Price Oscillator
Type
Oscillator
Short introduction
The price oscillator is not an independent indicator, but the difference between two indicators, usually two GDs.
Statement
By forming the difference, the indicator values fluctuate openly upwards and downwards around the zero line. A signal is generated by crossing the zero line.
In the calculation, the longer, "slower" GD is generally subtracted from the shorter, "faster" GD.
Formula/calculation
Price Oscillator =MAx -MAy
where:
MAx = Moving Average, shorter period
MAy = Moving Average, longer period
Interpretation
Since the indicator is usually formed on the basis of two GDs, we will also limit our interpretation to this case.
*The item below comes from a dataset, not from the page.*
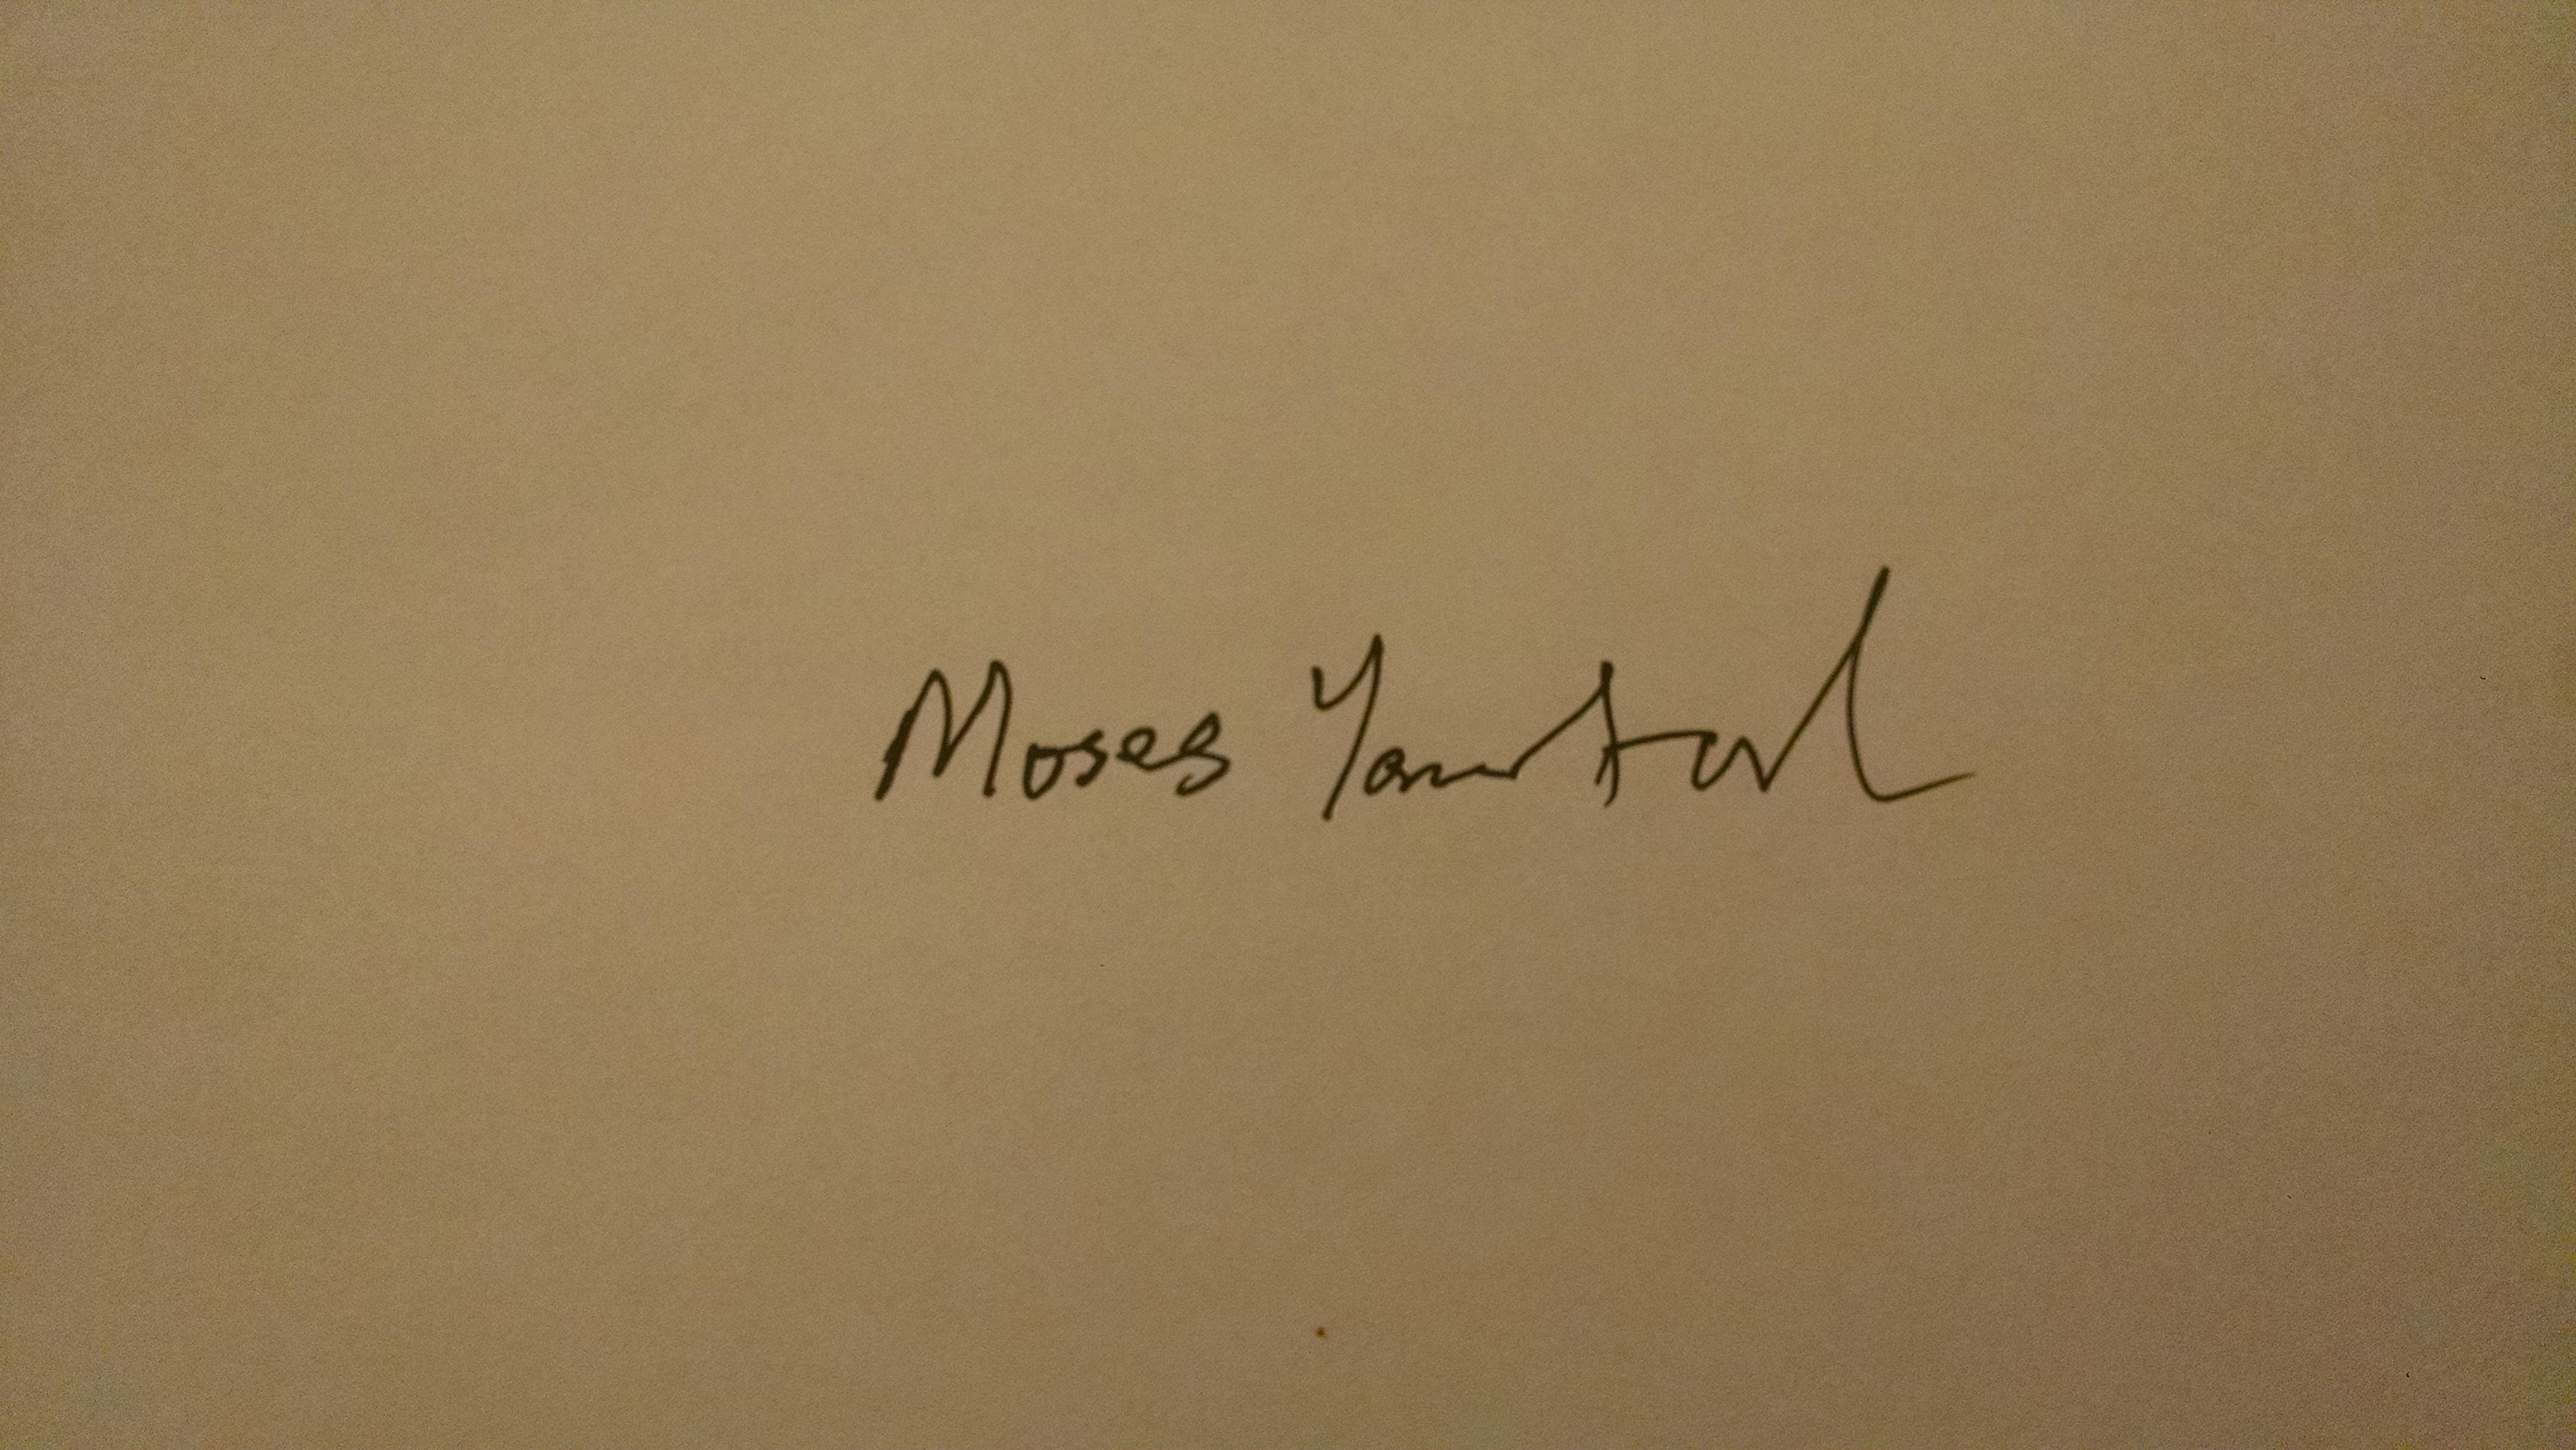 Moses Yamtal Signature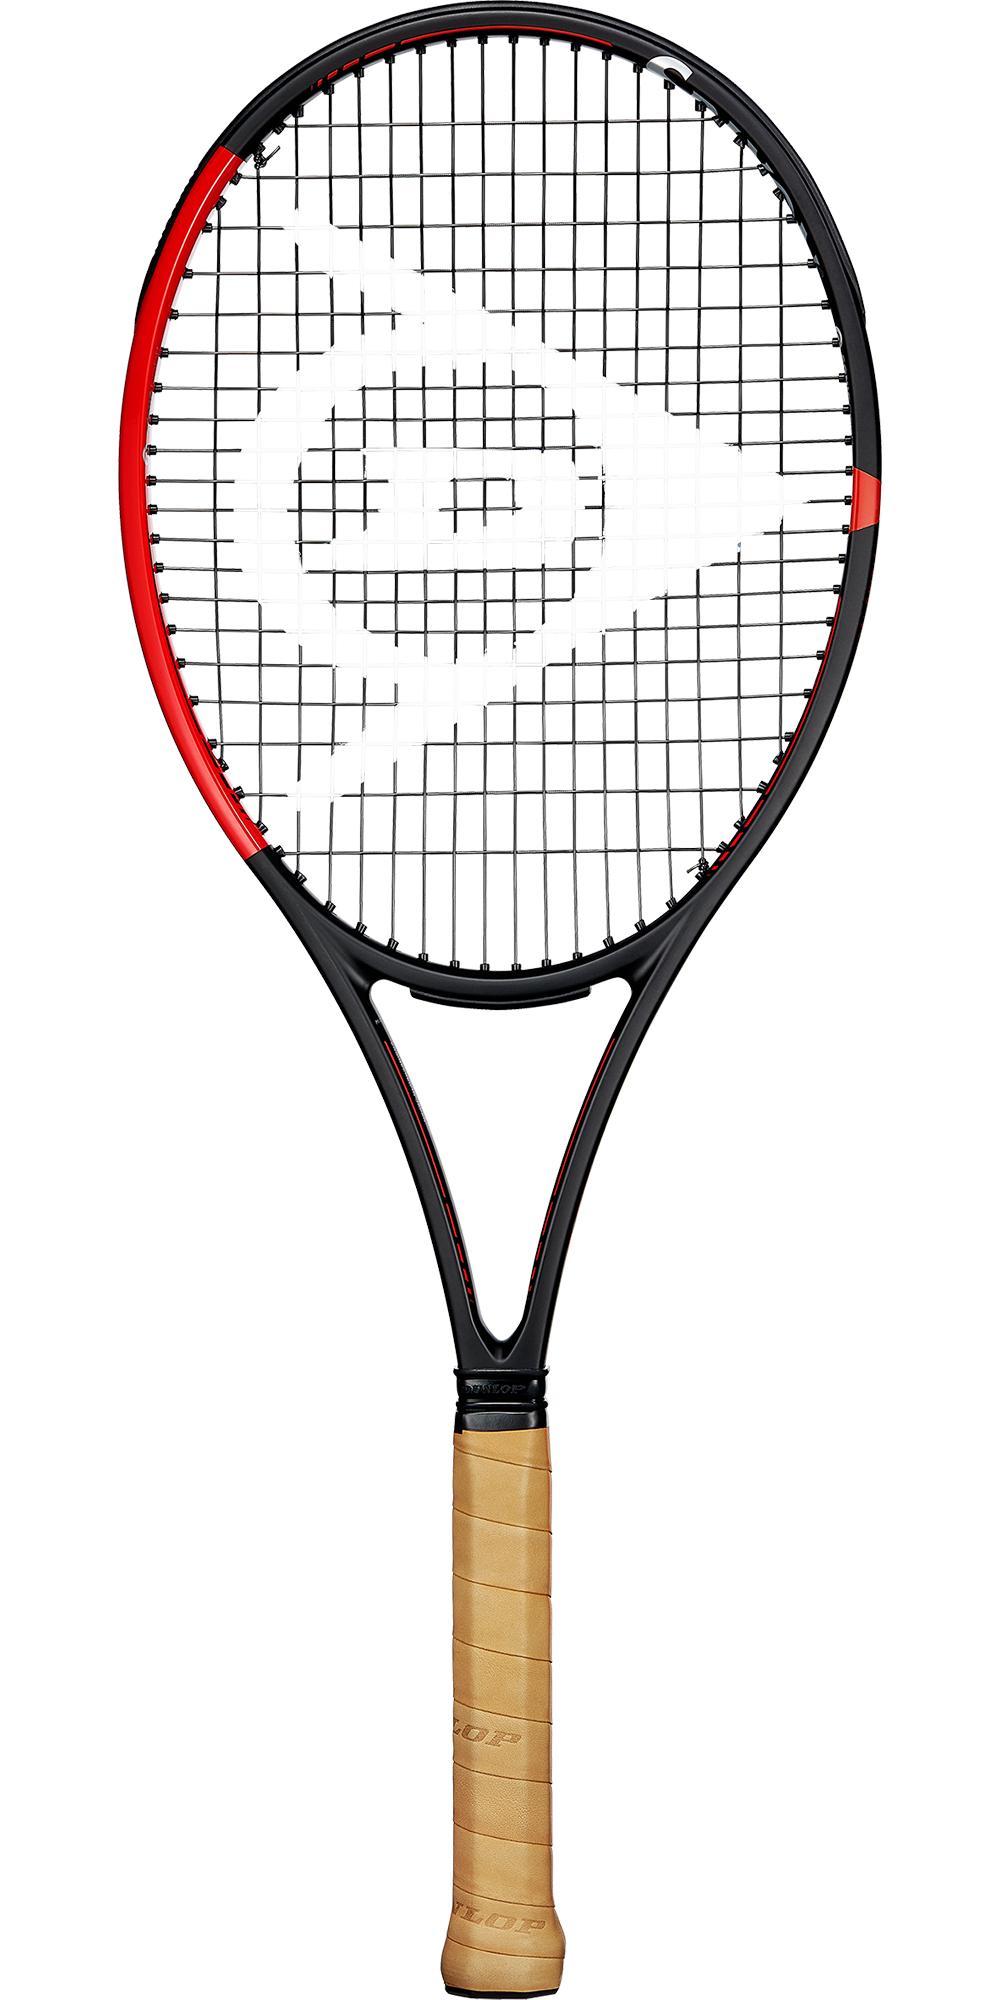 Dunlop Srixon CX 200 Tour 18x20 Tennis Racket  Frame Only  - Tennisnuts.com 2c02ad69f4

A value above the zero line indicates that the shorter GD is above the longer GD and that an upward trend is therefore prevailing in the base stock. Conversely, a value below the zero line indicates that the shorter GD is below the longer one and that a downward trend is therefore prevailing in the base stock. A signal is therefore given when the indicator crosses the zero line. A cut from bottom to top results in a buy, a cut from top to bottom results in a sell.
Another option is to create trend lines on the price oscillator itself and monitor them for breakthroughs. This means you receive the corresponding signals a little earlier.
Default setting
- None, depends on the period analyzed, similar to pure GDs
Basic trading systems
- Price Oscillator
In the basic trading system, the default setting for the short (linear) GD is 25 and for the long (linear) GD 65. It provides buy signals when the indicator breaks through the zero line from bottom to top, and sell signals when it breaks through the zero line to the bottom.